Are Michigan's Trees in Trouble?
by Jeff Gibbs ~ 9188 E. Hoxie Rd. ~ Cedar, MI 49621
231-941-0825 ~ jeffgibbstc@aol.com

Clarence Kroupa's woods are stunning.  Bass, ash, and beech are branch-free for nearly a hundred feet.  "Not many people have their own private park."  Indeed, few parks are as pristine as Clarence's.  But there is the matter of the "black hearts in the ash." And Clarence's basswood look a bit ragged.  

Warning signs, or just a forest in need of a tune-up?

No one disagrees that Michigan's trees have been hit hard in recent years. Gypsy moth defoliated 700,000 acres in 1992.  Half the oaks on about 45,000 acres of oaks are dead, and from 1991 to 1998 about ten percent of Michigan oaks and aspens died, according to a University of Michigan study.  Beech bark disease may wipe out beech trees, joining elm and chestnut on the list of trees which have disappeared from our state.  As summer progresses Michigan travelers can observe a variety of trees along our roadways which are dead or dying, and forests which may lose their foliage to pests.

Charles Little, author of The Dying of the Trees, believes these are not isolated problems, but warnings that Michigan's forests, and those all over America, are in fact dying.

"I can introduce you to scientists who believe that the entire Eastern hardwood forest is dead ecologically, that it can never mend itself aright because of leached out nutrients from acid- deposition and the resultant ecosystem changes," Little says.  According to Little the culprit is acid rain, which along with other airborne pollutants like ozone, halocarbons, and heavy metals, create a deadly brew inhospitable to forests.  He sees pests like gypsy moth as opportunists attacking trees weakened from environmental factors.

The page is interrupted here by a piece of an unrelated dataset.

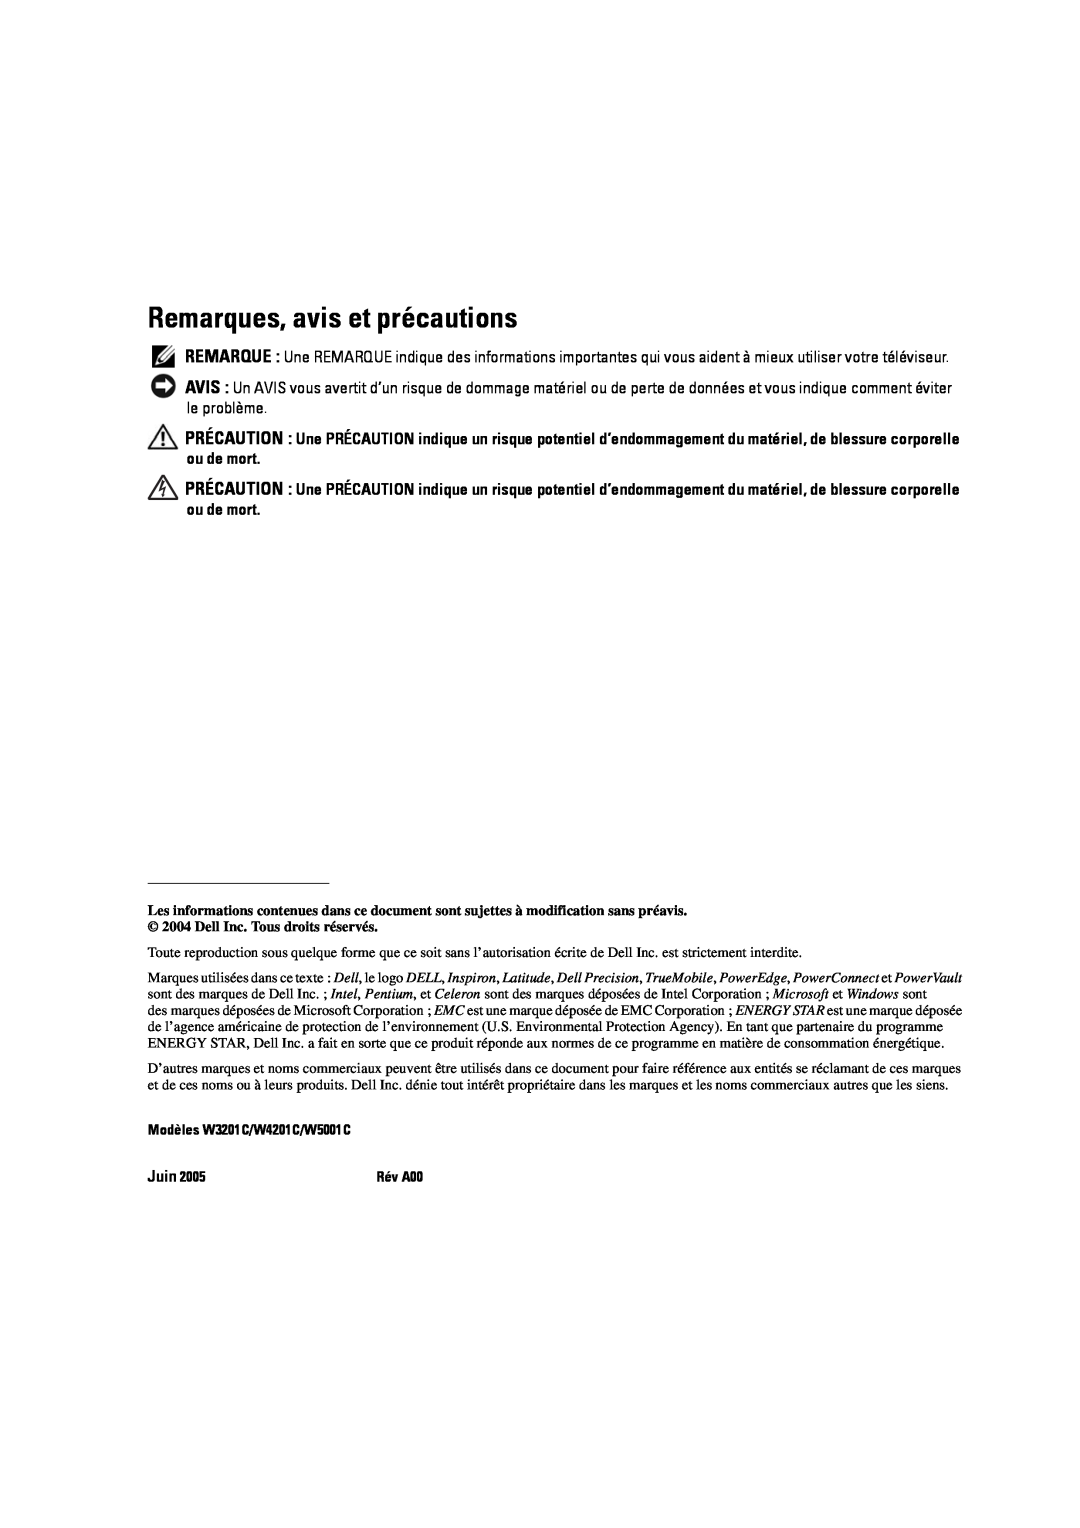 Dell manual Remarques, avis et précautions, Modèles W3201C/W4201C/W5001C

The question was posed to several experts: are Michigan's forests in trouble?

Roger Mech, Forest Health Specialist, Forest Management Division, Roscommon say that, "Generally most forest types are in good shape in the Lake States."

Russell Kid, District Extension Forestry Agent for Michigan State University Extension in Roscommon thinks we are not seeing the effects of acid rain just yet.  "In 1988 a severe drought really affected the trees; other years warm springs and late frosts.  I am more concerned about the introduction of exotic pests than acid rain."

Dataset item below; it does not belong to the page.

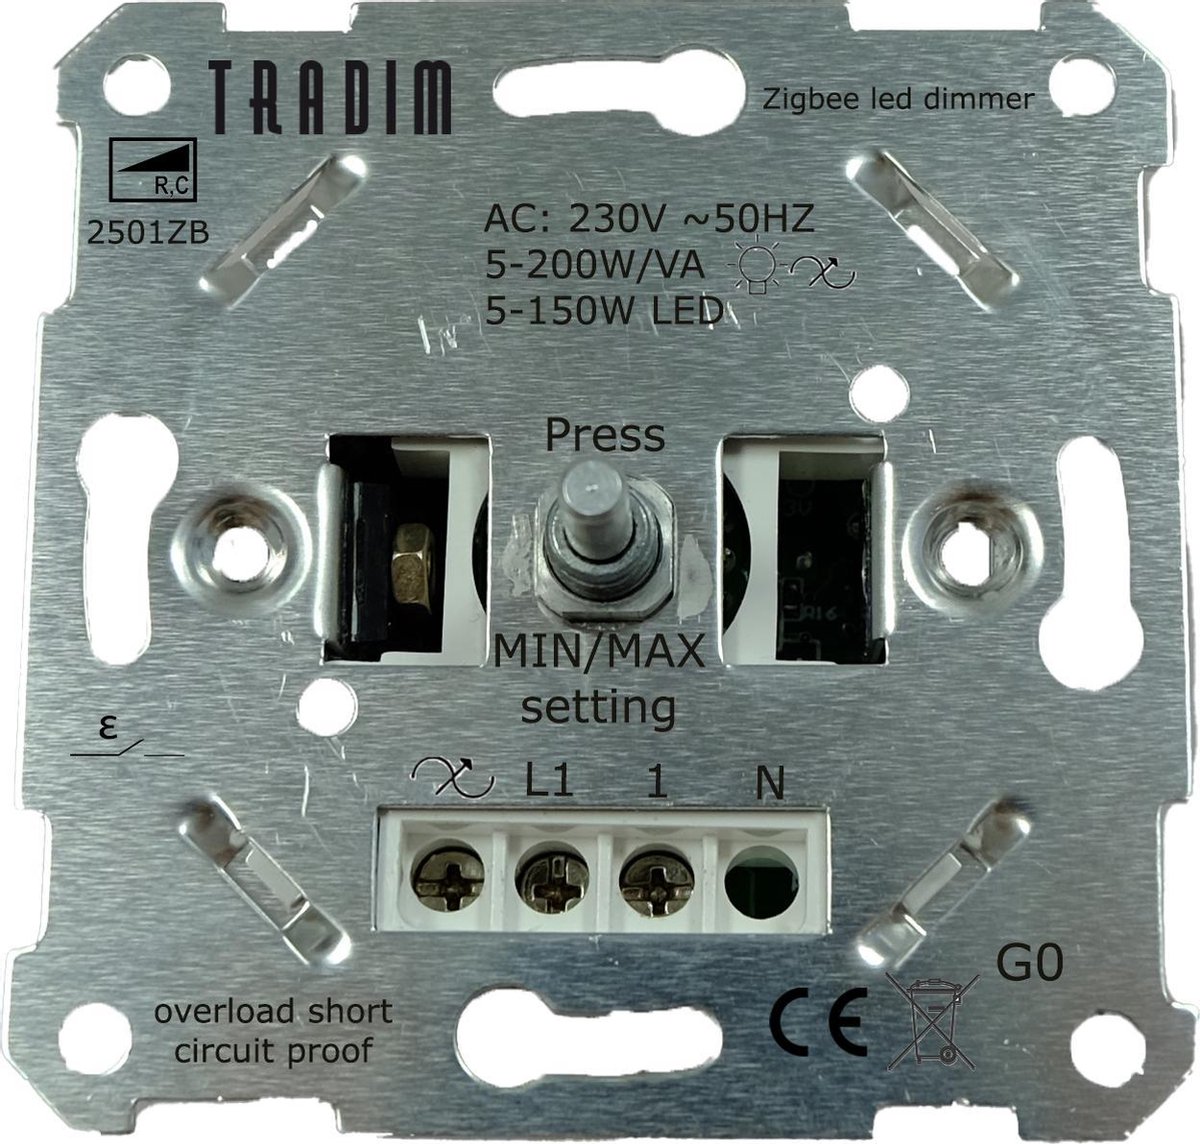 Tradim - Zigbee LED Dimmer inbouw - 5-150W - Fase afsnijding

But Doug Cornett, Executive Director of Northwoods Recovery agrees with Little that the forests are in trouble.  "All around Marquette the trees are dying.  It's especially bad where I live, on a hill between two coal-fired power plants.  I was in Traverse City recently and could see dead maples all along the road.  Those trees are only 70 to 100 years old, young trees really.  There's a whole bunch of things going on, but what comes out of the sky is the most frightening.  Acid rain probably plays the major role.  Normal ph is 5.5 to 6, but twenty years ago levels started coming in between 5 and 4."

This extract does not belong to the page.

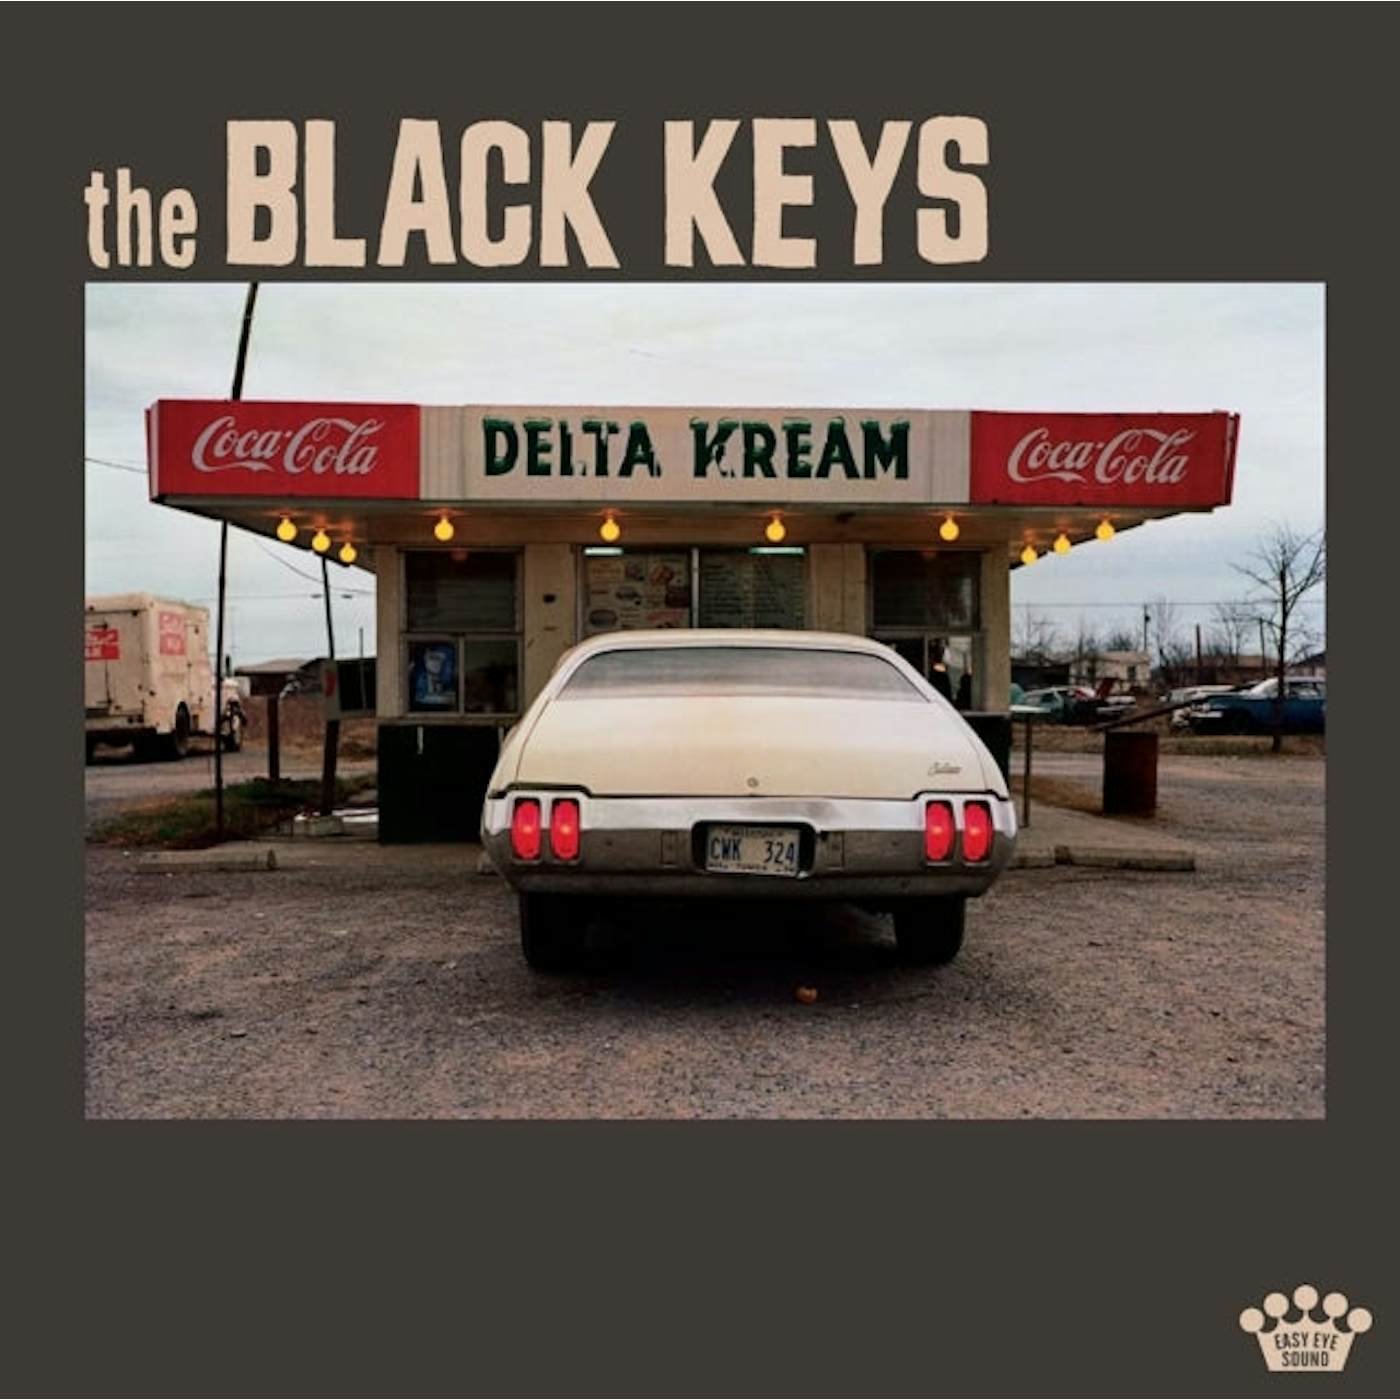 The Black Keys LP Vinyl Record - Delta Kream

Murray Daley, an environmental activist in Lake Orion, says, "Since reading the Dying Of The Trees I have paid particular attention to the trees everywhere I go in Michigan and around the country.   It is impossible not to.  It is similar to the scenario where a person buys a new car, then begins to see that car everywhere.  All one has to do is look. The upper limbs and branches go first I have noticed.  The oaks, the maples, the pines.  It is a slow death.  They say that tree death is natural--and it is. But trees don't die naturally at ages of 30, 40, 60 or 80 years old."

Remember acid rain?

A United States Geological Survey report lists the acidity of precipitation in Michigan as ranging from 4.9 to 4.4 at monitoring sites last January.  A pH of 4.4 is one hundred times more acidic that 5.4.  The Environmental Protection Agency, on their official website, states that: "Pure water has a pH of 7.0.  Normal rain . . . has a pH of about 5.5.  As of the year 2000, the most acidic rain falling in the US has a pH of about 4.3. . .  Acid rain can contribute to forest damage by impairing the ability of some types of trees to grow and fight disease.  Acid rain also can strip forest soils of essential nutrients, which hurts the productivity of forests."  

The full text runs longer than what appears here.